= Beginning of Section =
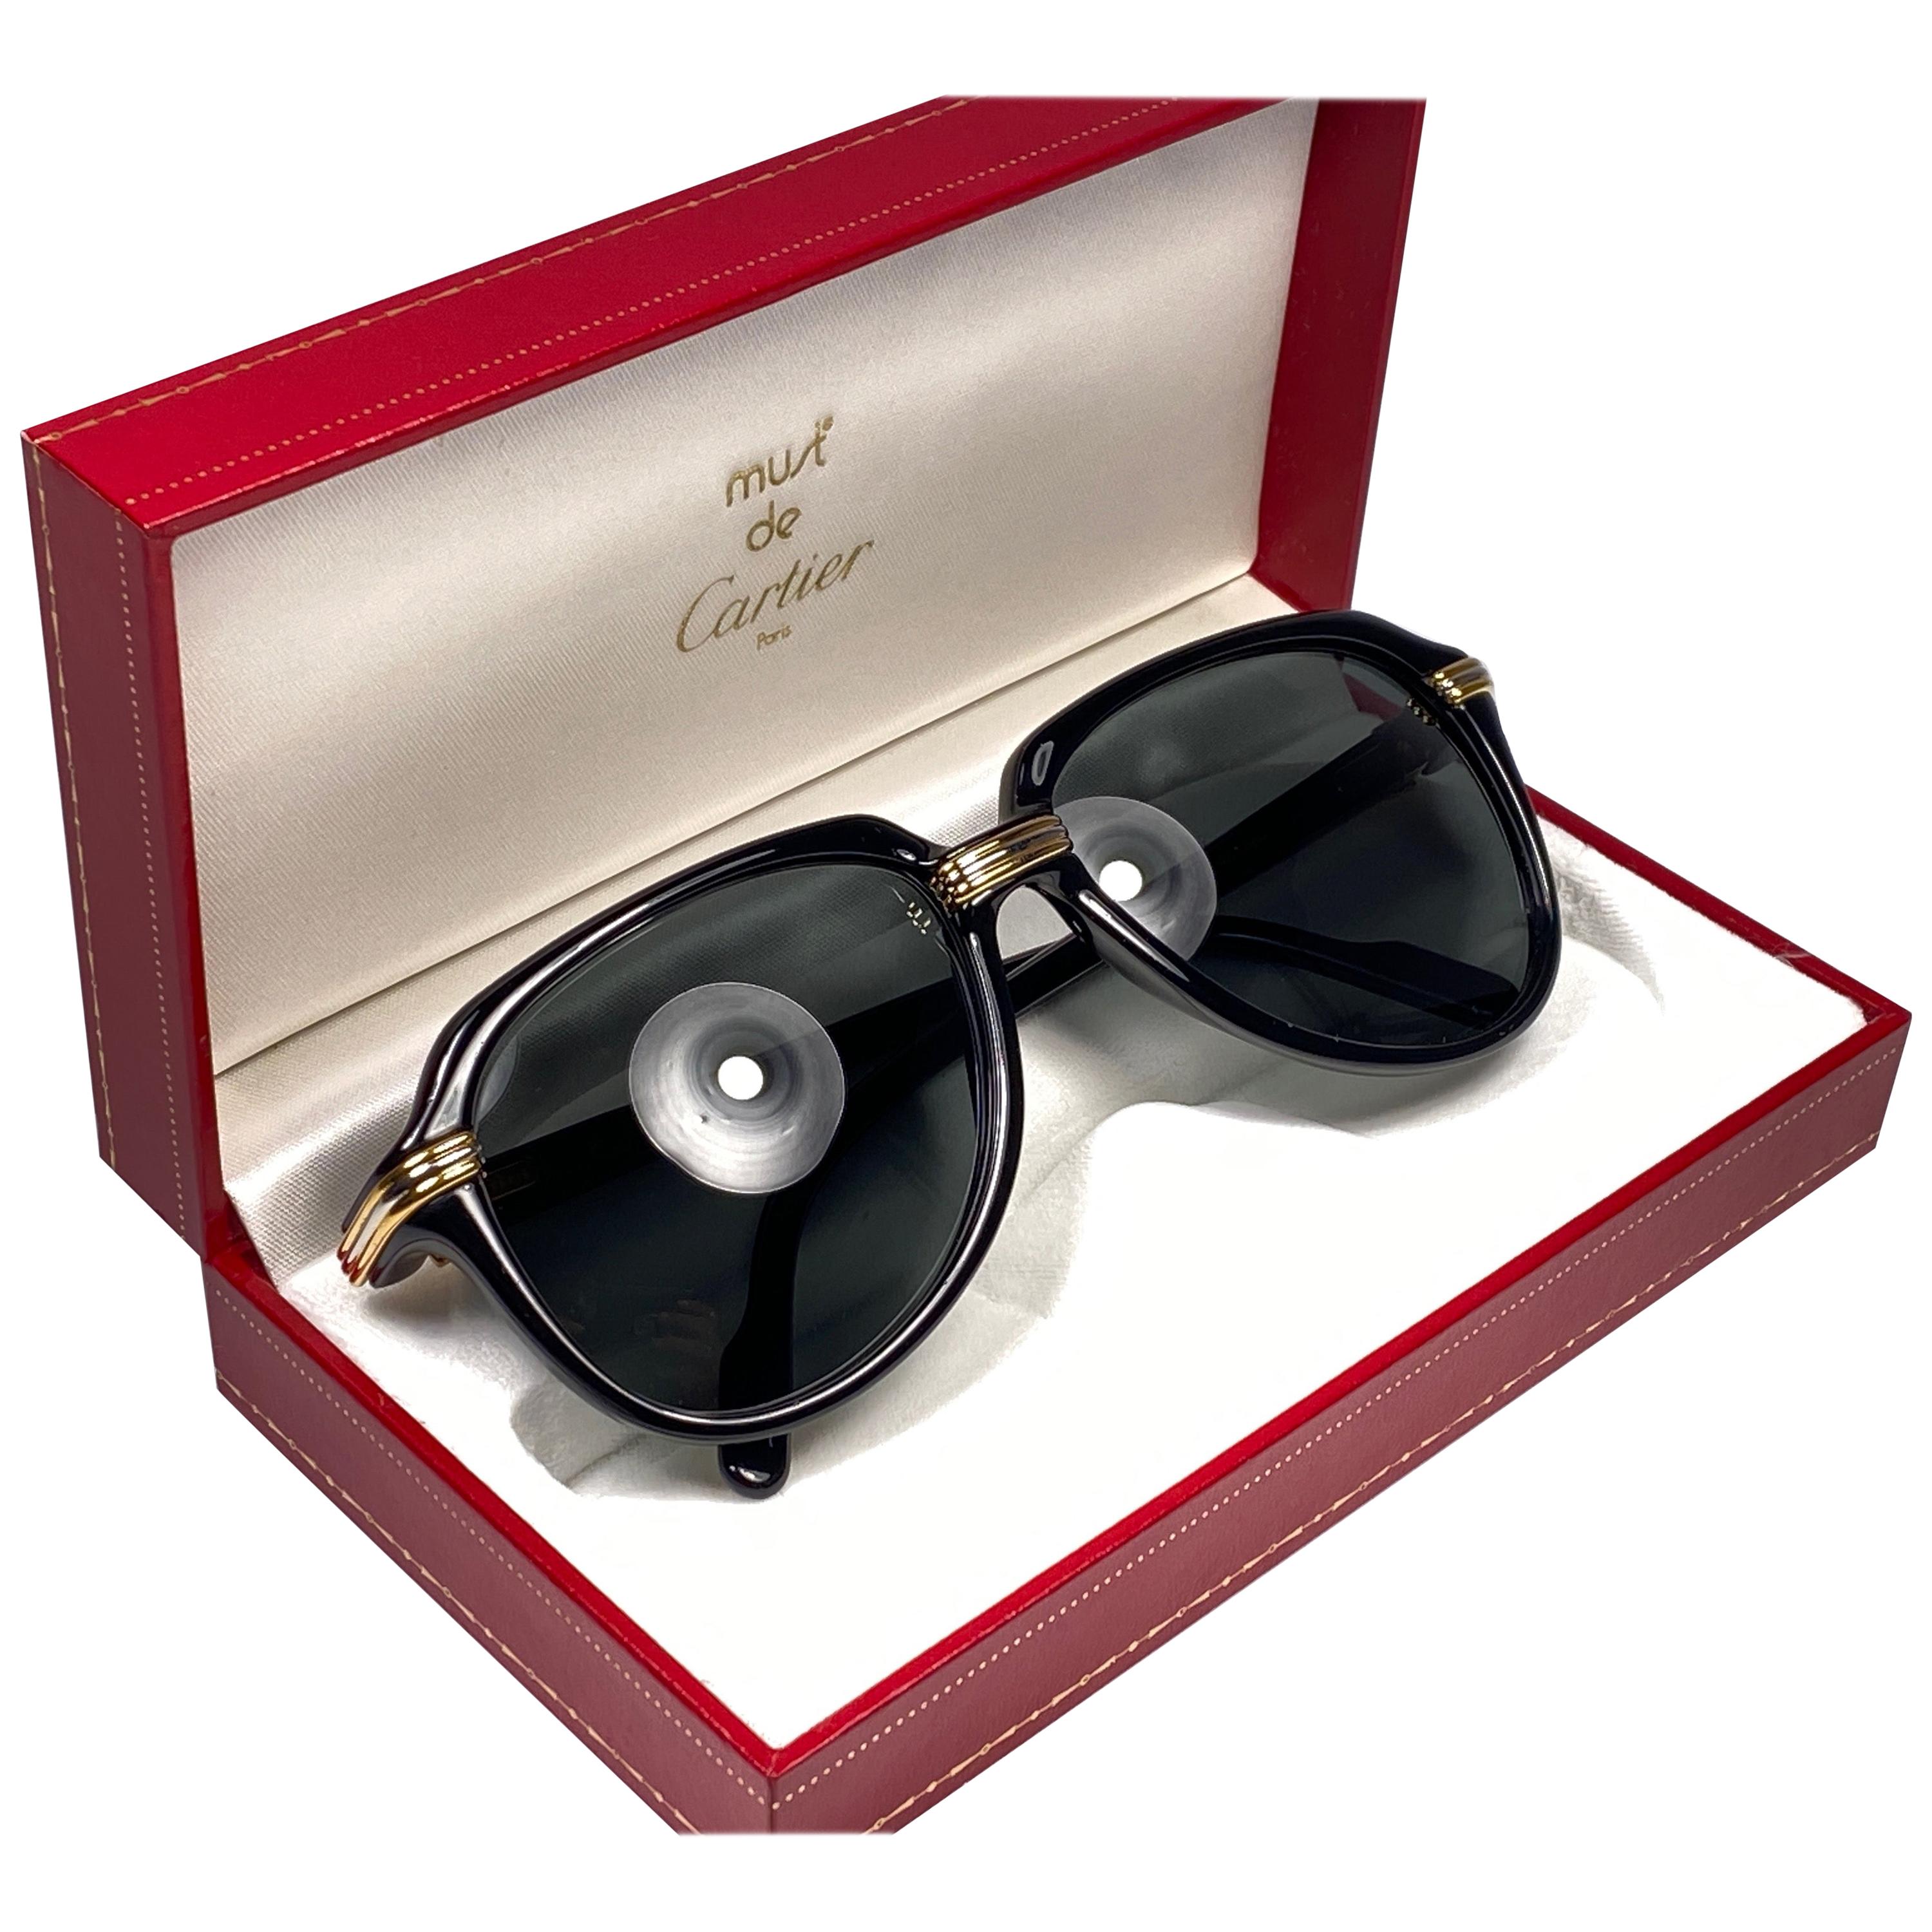 New Collectors Item. Unique and original Cartier Aviator Vitesse sunglasses, the black Edition with yellow and white gold accents. Lenses are spotless medium grey.
Frame is with the sides in gold. All hallmarks. Cartier gold signs on the ear
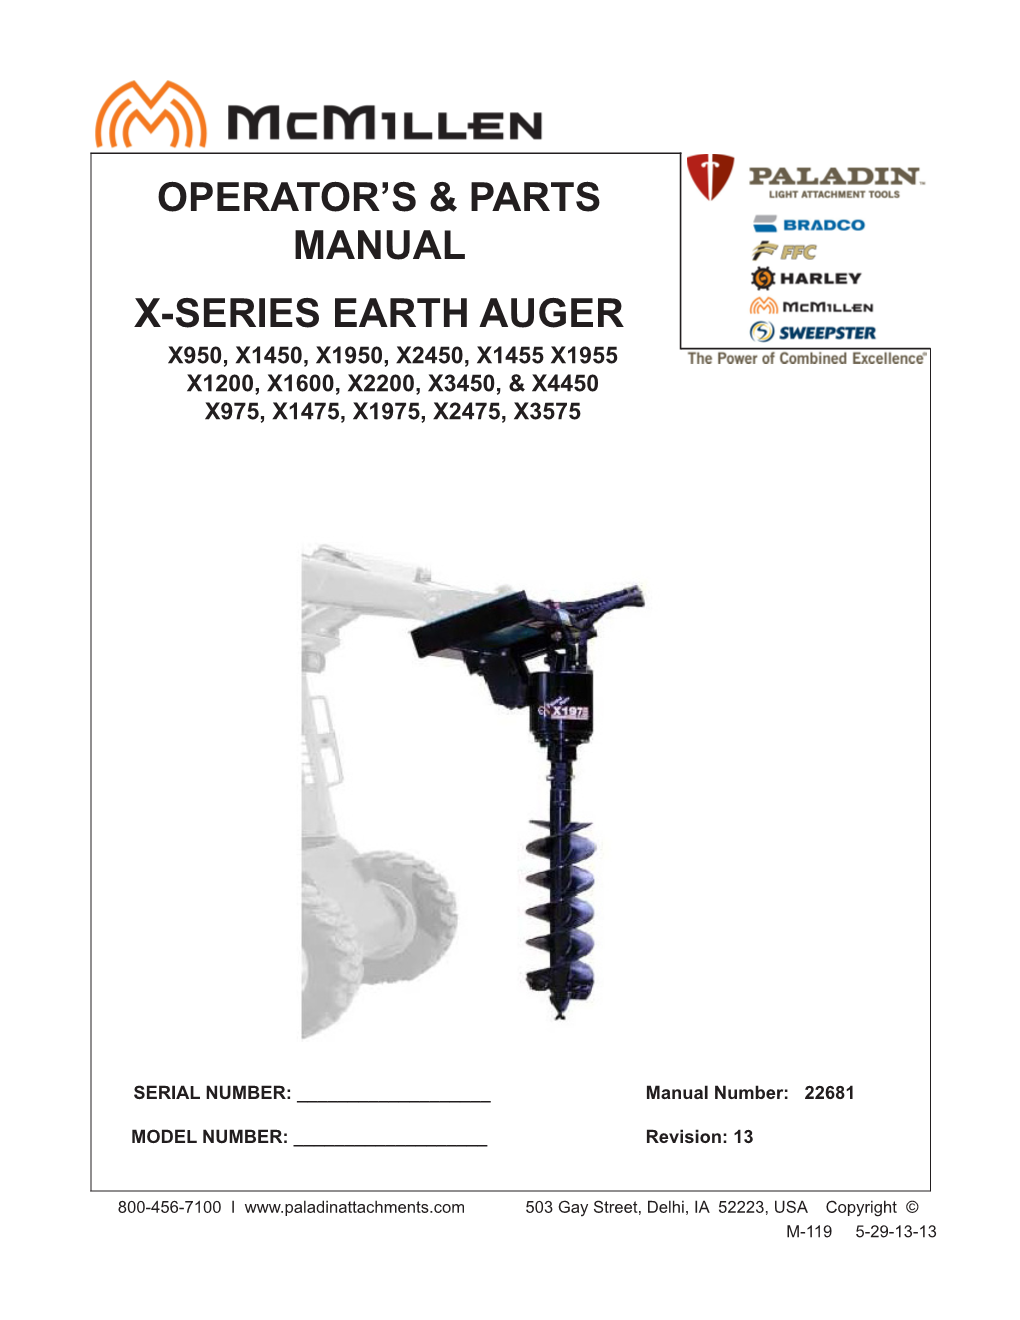 Operator's & Parts Manual X-Series Earth Auger
= End of Section =
== PROBLEM TO SOLVE ==
Write out the listing above in full, word for word, with no pictures.

== TASK OUTPUT ==
 New Collectors Item. Unique and original Cartier Aviator Vitesse sunglasses, the black Edition with yellow and white gold accents. Lenses are spotless medium grey.
Frame is with the sides in gold. All hallmarks. Cartier gold signs on the ear
 Operator's & Parts Manual X-Series Earth Auger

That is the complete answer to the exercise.